The copy you give must match the listing below exactly and contain no pictures.

> PROVIDED DATA:
• • • • •
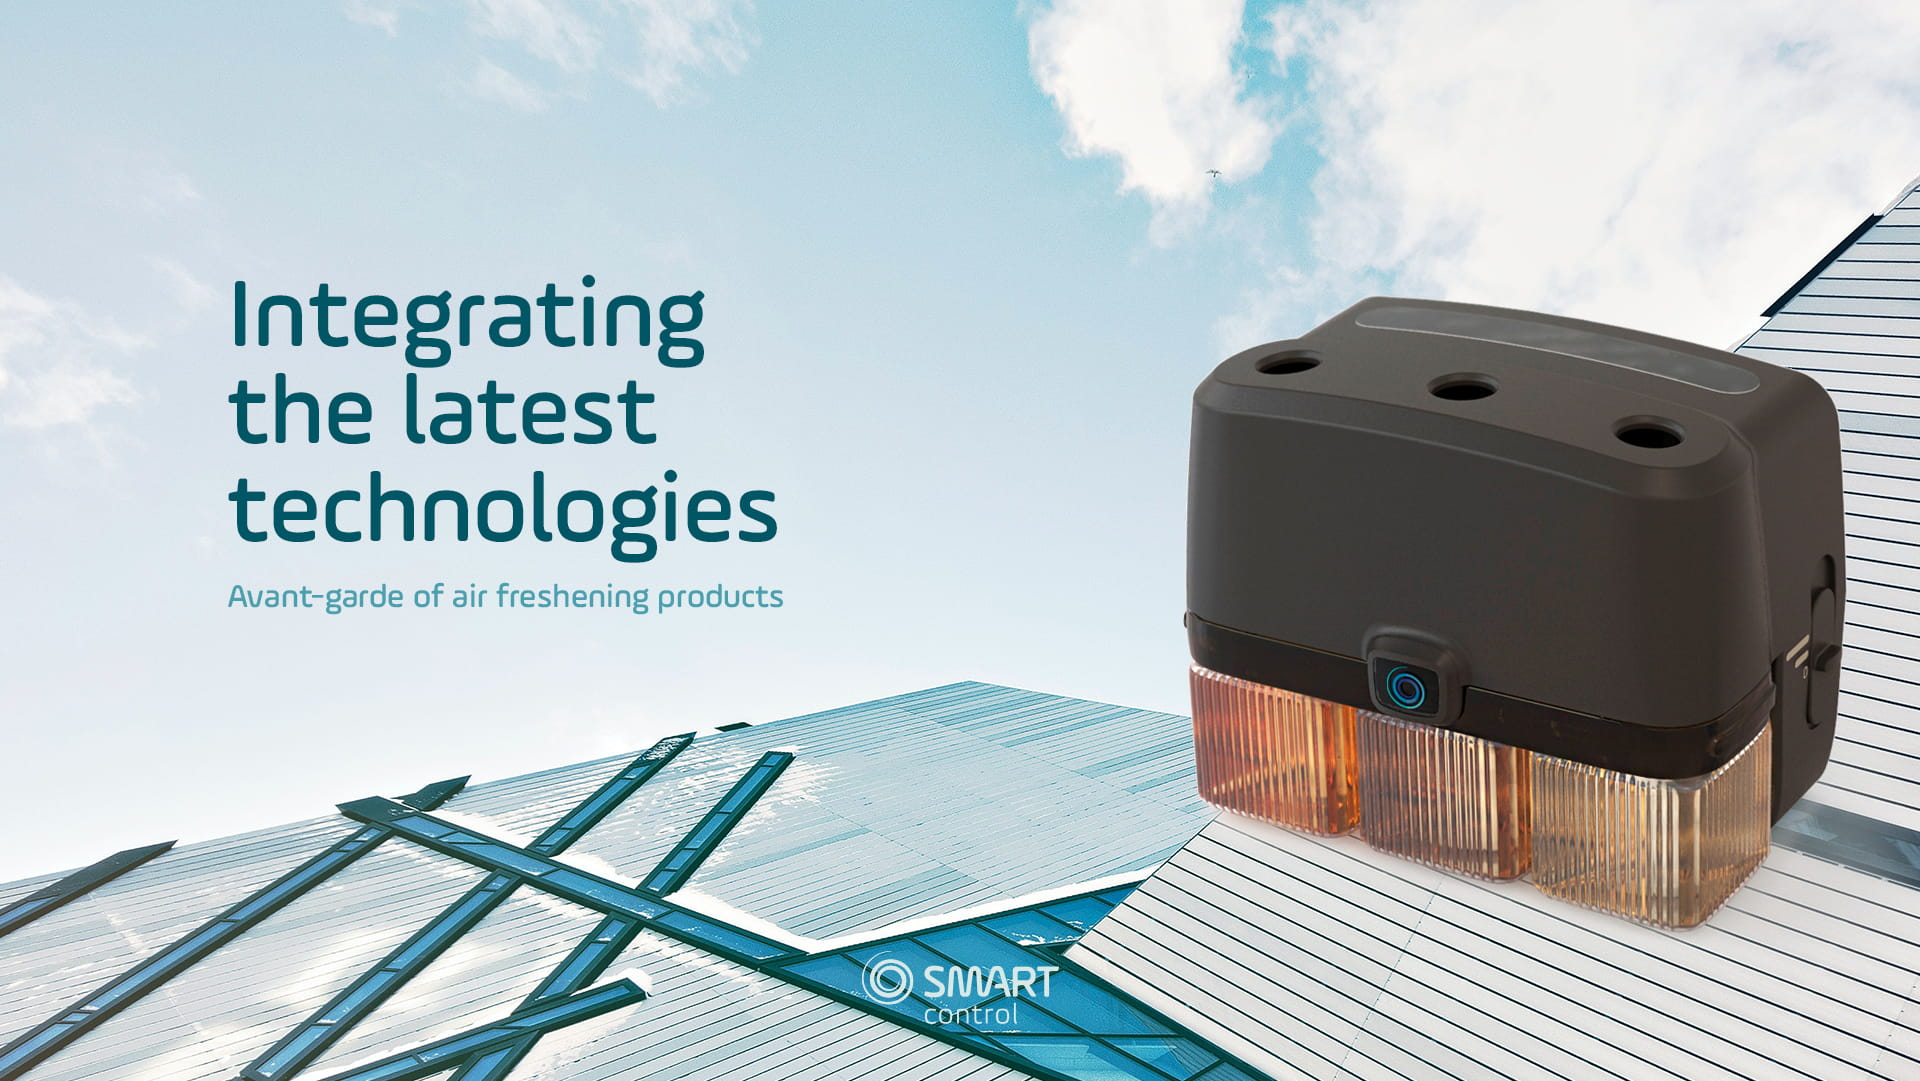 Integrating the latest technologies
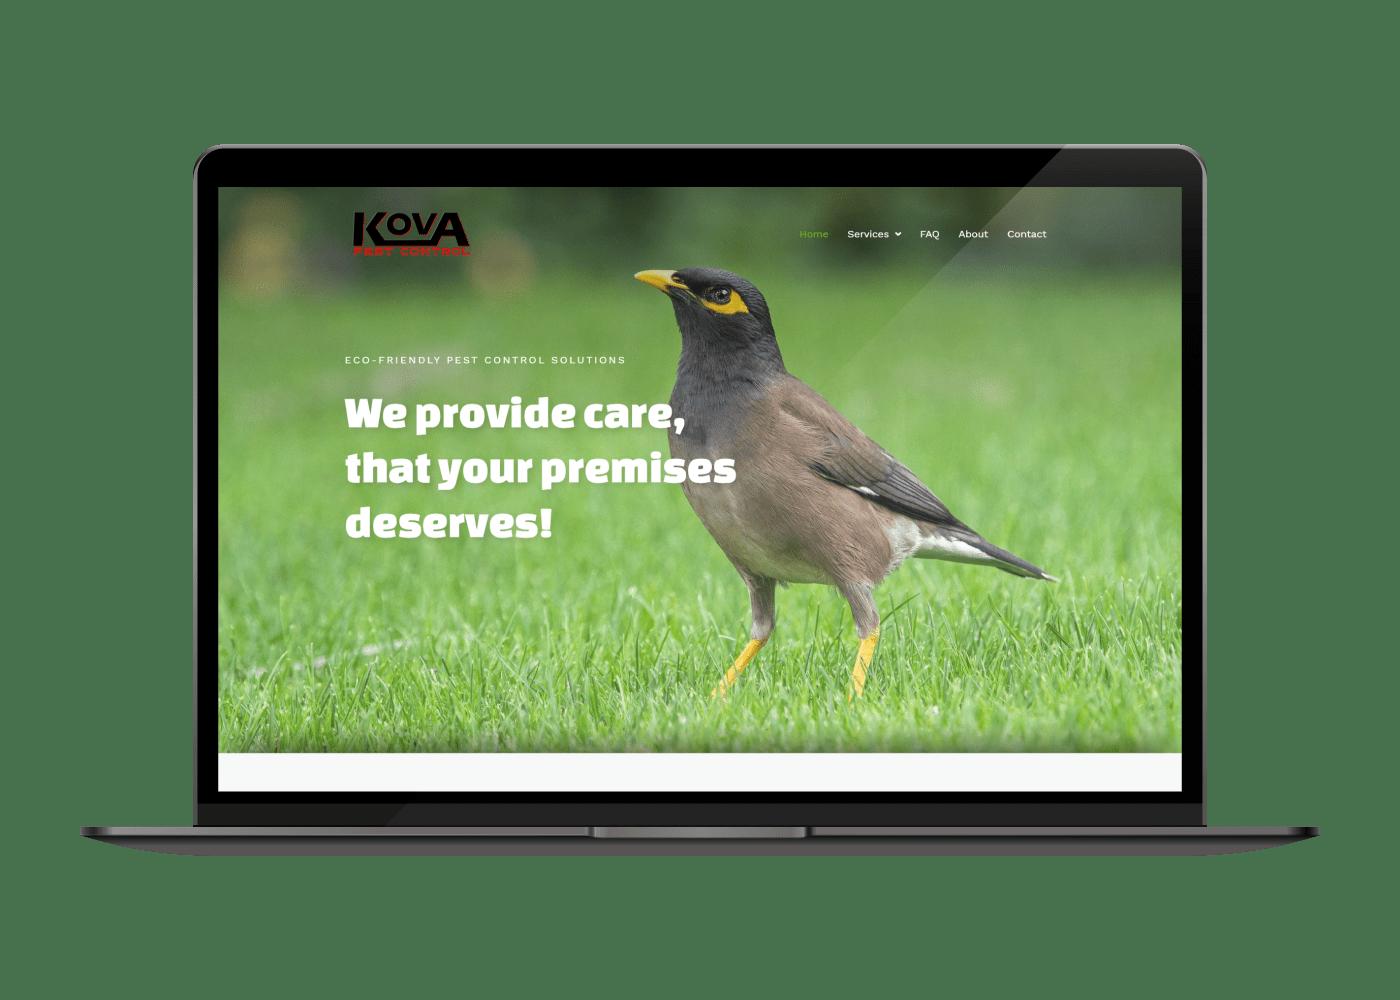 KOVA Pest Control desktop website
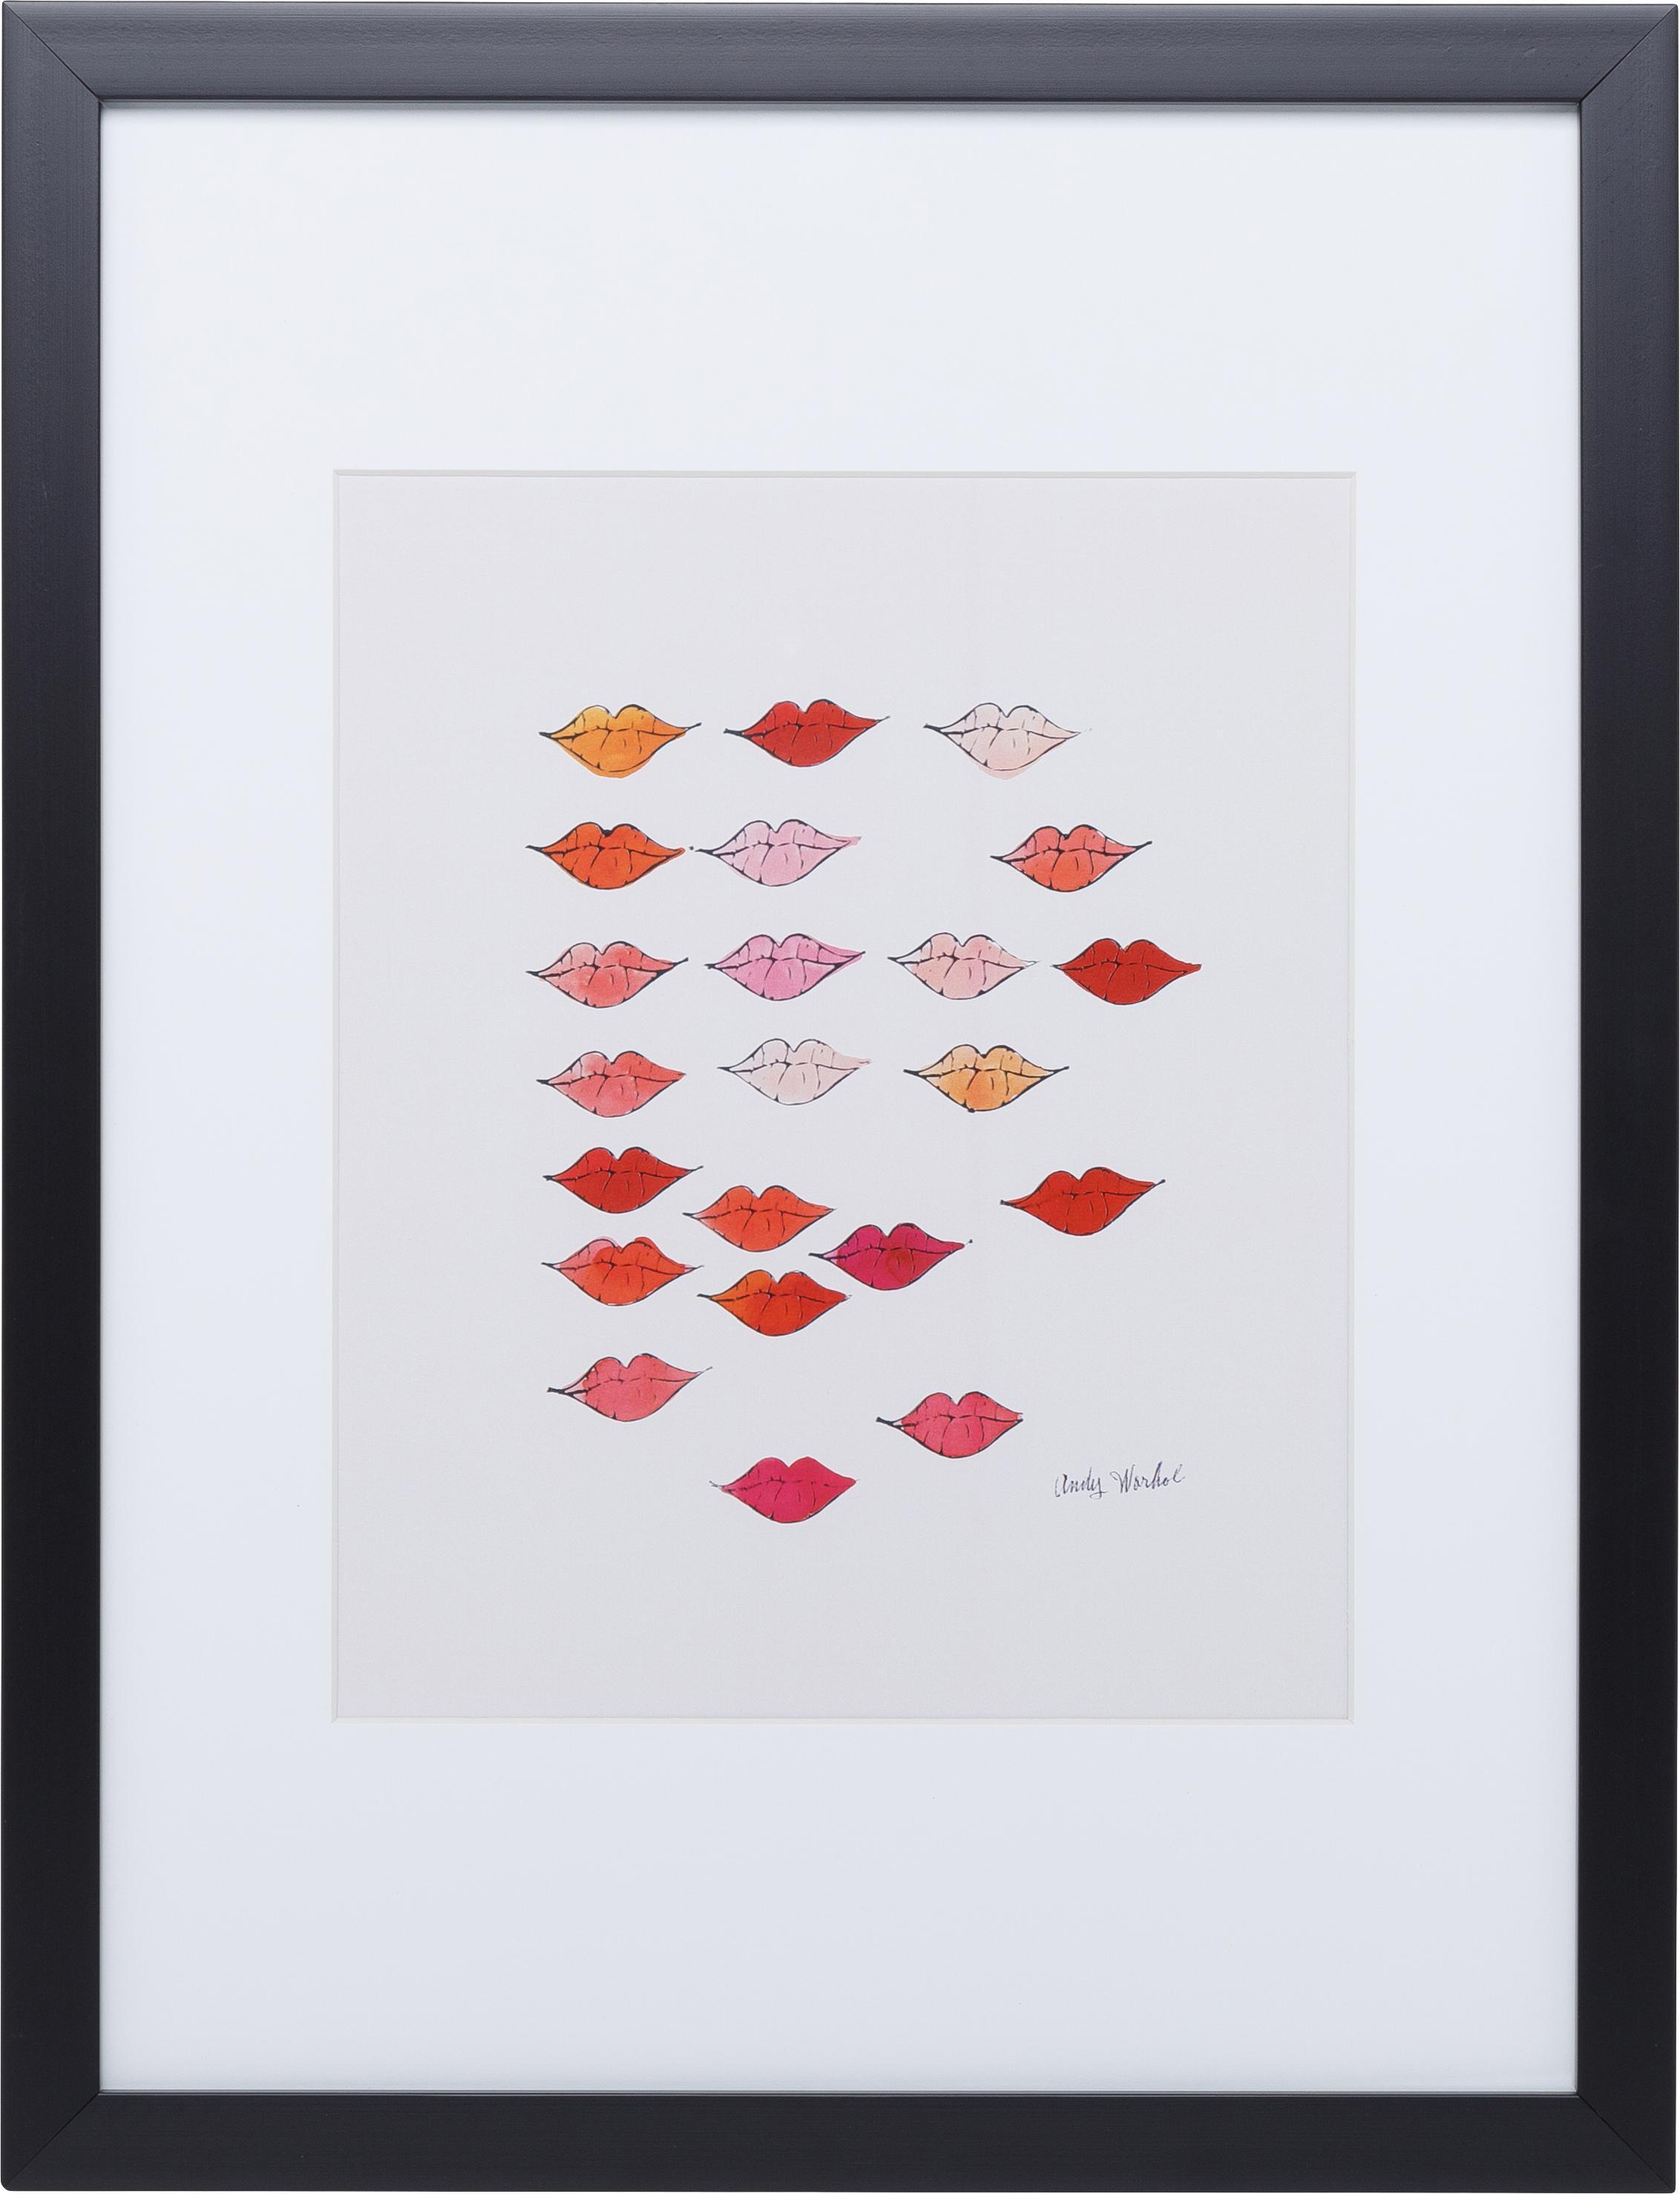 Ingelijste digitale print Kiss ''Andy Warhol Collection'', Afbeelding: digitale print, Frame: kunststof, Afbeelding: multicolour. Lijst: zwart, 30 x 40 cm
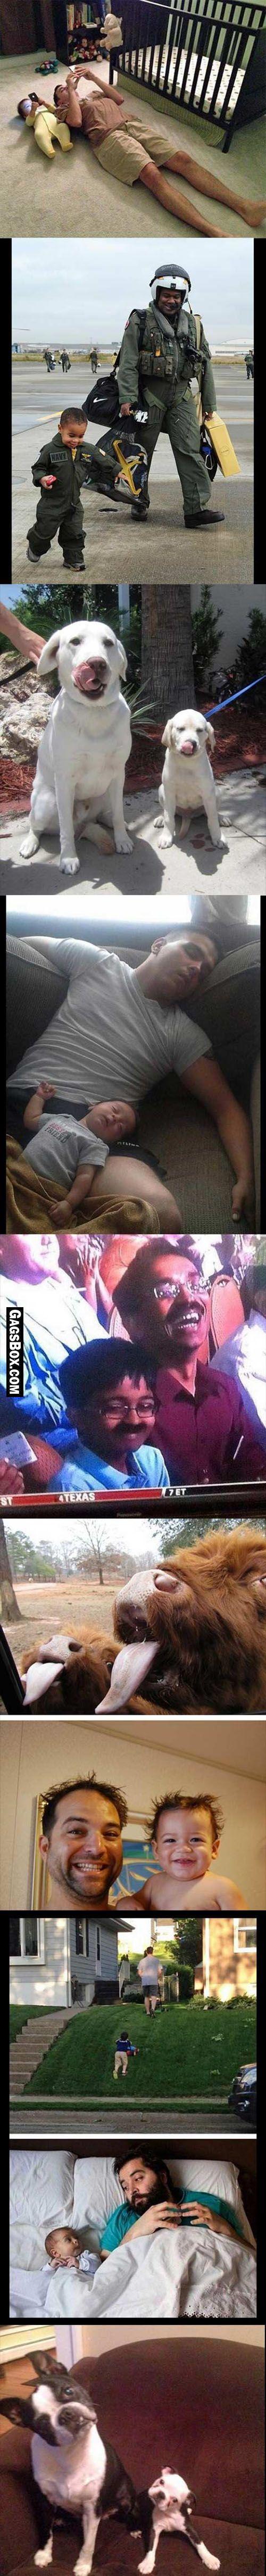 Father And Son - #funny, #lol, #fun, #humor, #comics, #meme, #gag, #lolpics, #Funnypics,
• • • • •
> PROBLEM SOLUTION:
 Integrating the latest technologies
 KOVA Pest Control desktop website
 Ingelijste digitale print Kiss ''Andy Warhol Collection'', Afbeelding: digitale print, Frame: kunststof, Afbeelding: multicolour. Lijst: zwart, 30 x 40 cm
 Father And Son - #funny, #lol, #fun, #humor, #comics, #meme, #gag, #lolpics, #Funnypics,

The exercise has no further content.